English vegetarian activist (1862–1938)

Sidney Hartnoll Beard (14 February 1862 – 20 October 1938) was an English vegetarian and fruitarian activist and writer. He re-established and served as president of the Order of the Golden Age, edited its journal, the Herald of the Golden Age (1896–1918), and advanced a Christian case for vegetarianism framed as a moral duty. Defining fruitarianism broadly to include cereals, seeds, nuts, fruits, and vegetables with dairy and eggs permitted, he treated fish as a transitional food for those leaving flesh-eating.

Operating from Ilfracombe and, from 1904, Barcombe Hall in Paignton, he organised lectures and public outreach, including a 1908 address with Josiah Oldfield at the Cambridge Guildhall. His publications were A Simple Guide to a Natural and Humane Diet (1898), Is Flesh-Eating Morally Defensible? (1898), A Comprehensive Guide-Book to Natural, Hygienic and Humane Diet (1902), and Our Real Relationship to God: The Lost Ideal of Christianity, by a Disciple of the Christ (1922).

== Biography ==
=== Early life ===
Beard was born in Kensington, London, on 14 February 1862. He became a vegetarian in 1894, at the age of 32.

=== Order of the Golden Age ===
Beard re-established the Order of the Golden Age in 1895, serving as president. The Order's headquarters were located at his residence in Ilfracombe, and from 1904 at Barcombe Hall in Paignton. Charles W. Forward characterised him as having "militant enthusiasm, intense earnestness and unswerving faith" in his work for the society.

Beard was editor of the Herald of the Golden Age (1896–1918), the Order's journal. The journal promoted the "fruitarian system of living" and advanced vegetarianism from a Christian perspective; Beard held that a vegetarian diet was a moral duty. He also campaigned against vivisection and for the humane treatment of animals as part of his Christian beliefs.

=== Fruitarianism ===
Beard argued that "the first step must be abstinence from the flesh and blood of animals and birds"; fish could be included as a transitional stage toward fruitarianism.

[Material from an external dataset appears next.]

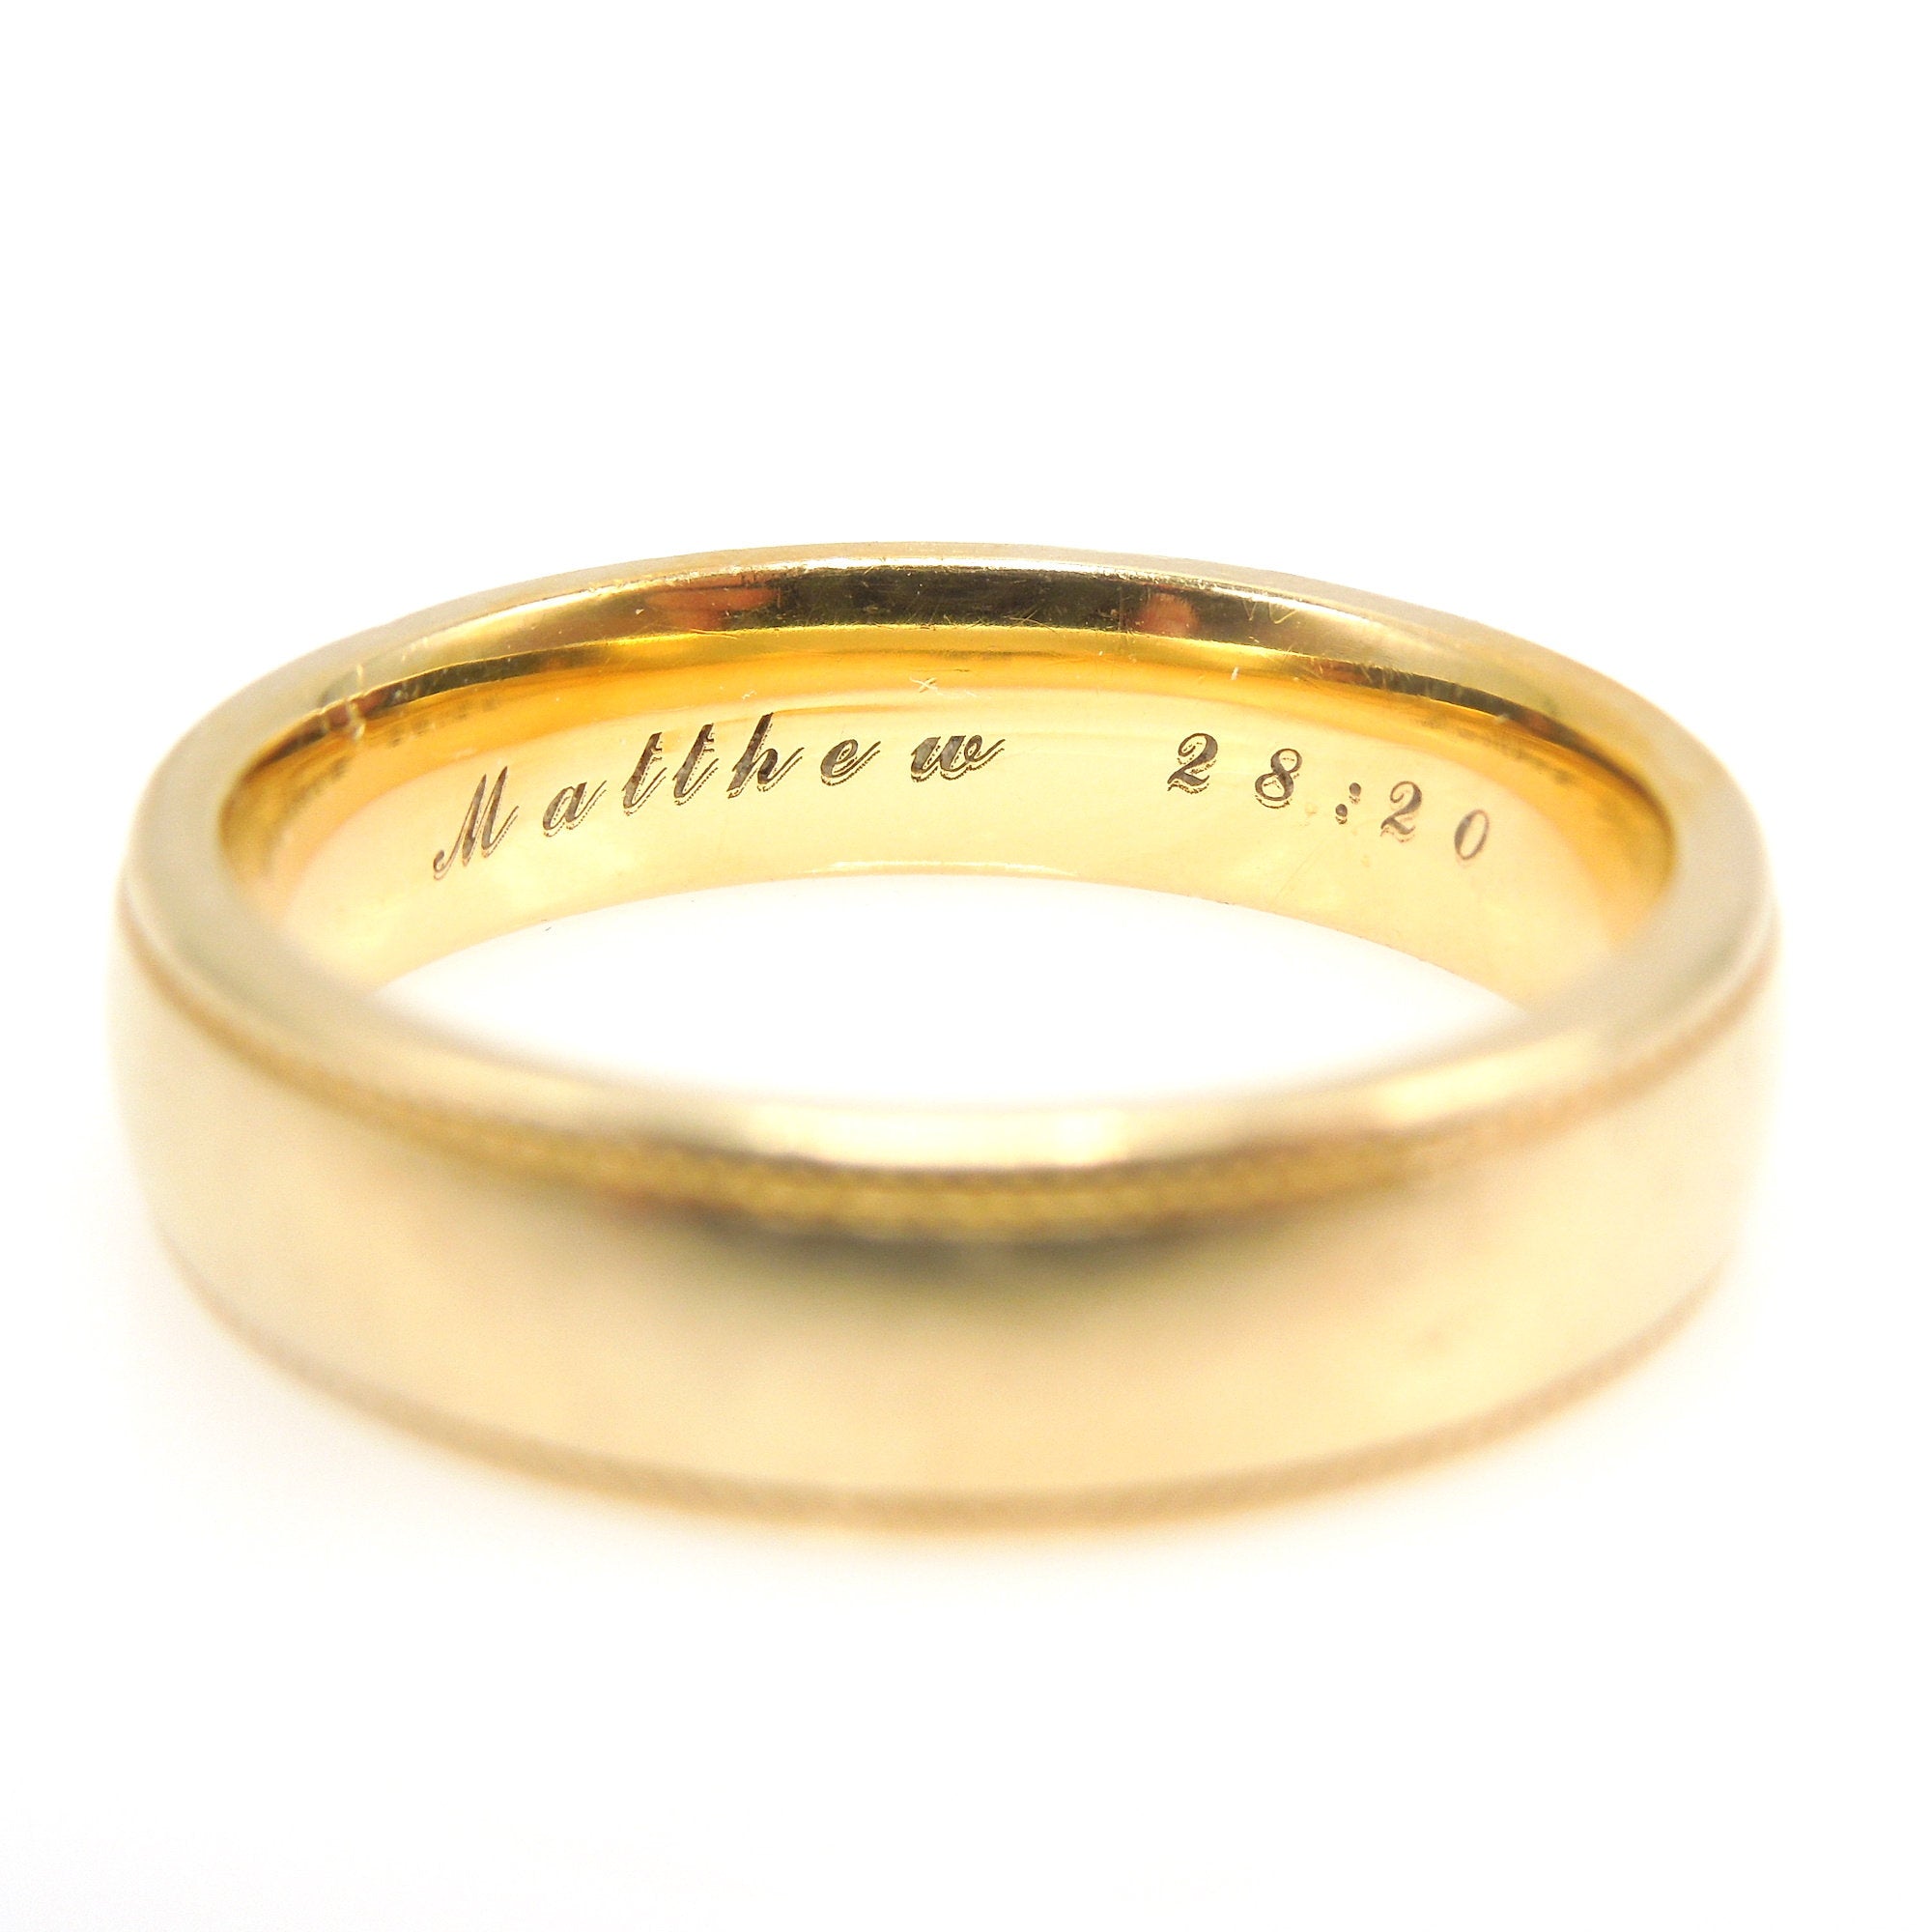 5mm Wide 18K Yellow Gold Comfort Fit Wedding Band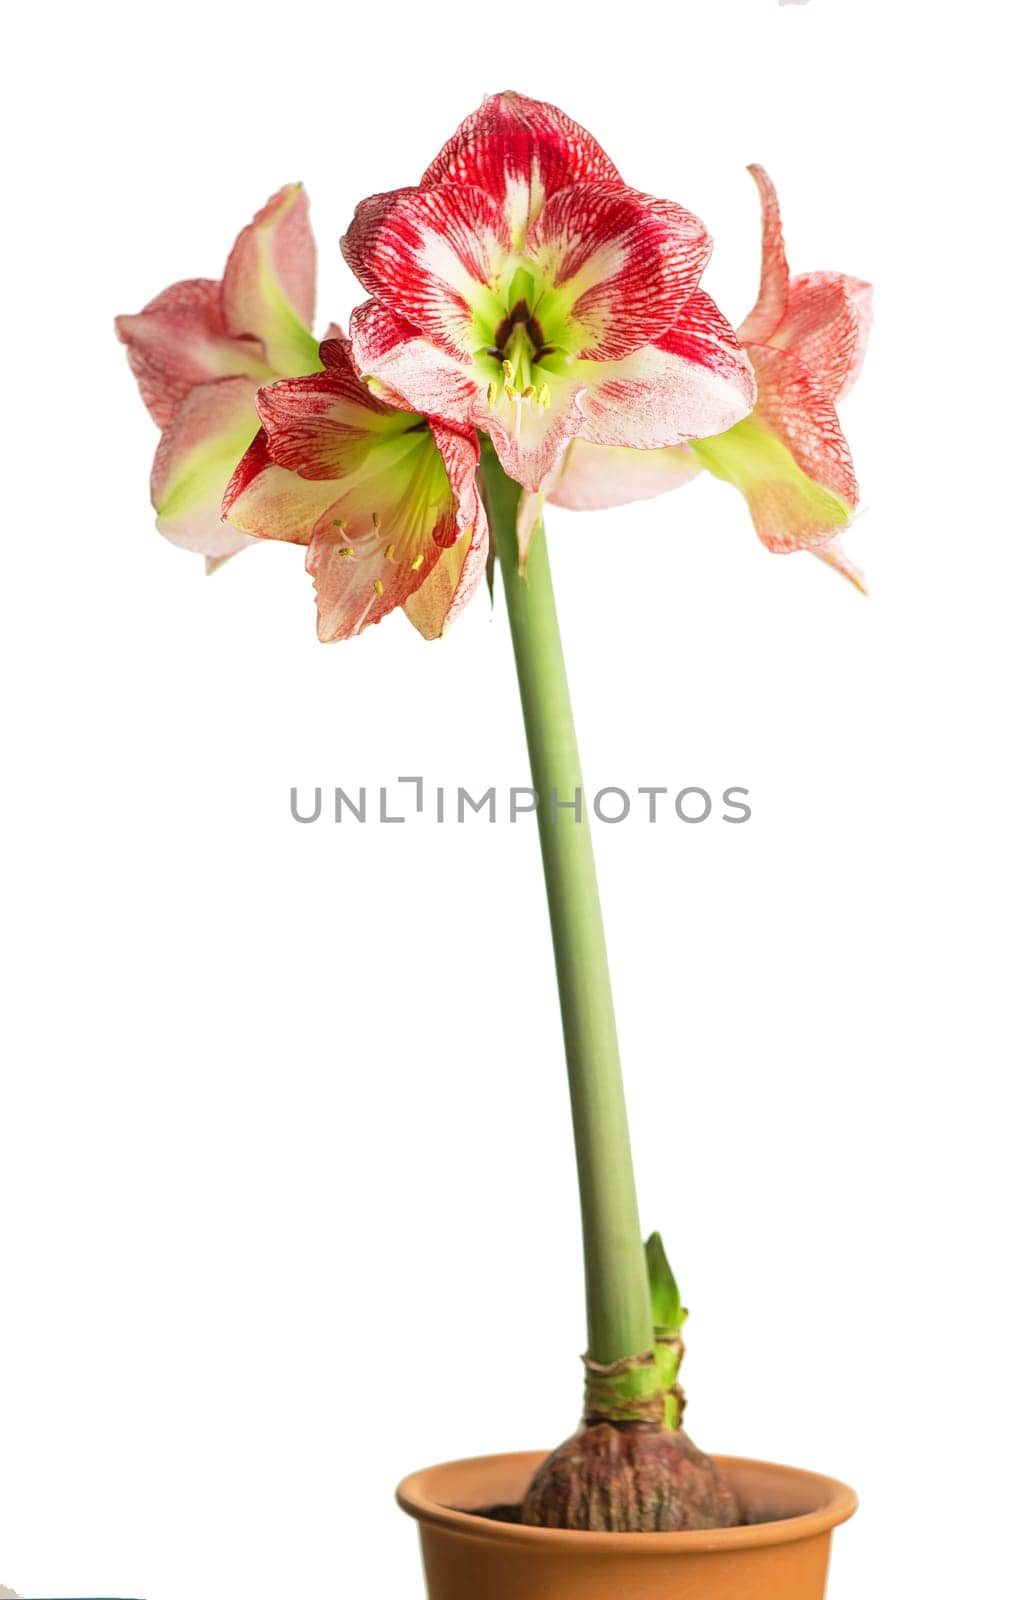 amaryllis flower blooming isolated with clipping path on white background, Amaryllis, Hippeastrums flowers

With Josiah Oldfield, he lectured on the benefits of fruitarianism at the Cambridge Guildhall Council Chamber in 1908. As with Oldfield, Beard's usage of "fruitarianism" was not strict and included dairy and egg products. He defined it as "systematic living upon the various fruits of the earth, instead of upon the products of the shambles", listing cereals, seeds, nuts, fruits, and vegetables, supplemented by dairy and eggs; he held that such a regime supported a humane and hygienic life, free from the butchery of animal flesh.

=== Writing ===
Beard authored A Comprehensive Guide-Book to Natural, Hygienic and Humane Diet (1902). The health writer Carl Malmberg criticised the book for making extremist claims.

=== Personal life and death ===
Beard married Annie Patterson and they had 3 children. He and his wife were both members of The Salvation Army. They were also spiritualists.

Beard died in Putney on 20 October 1938.

== Selected publications==
- A Simple Guide to a Natural and Humane Diet (1898)
- Is Flesh-Eating Morally Defensible? (1898)
- A Comprehensive Guide-Book to Natural, Hygienic and Humane Diet (1902)
- Our Real Relationship to God: The Lost Ideal of Christianity, by a Disciple of the Christ (1922)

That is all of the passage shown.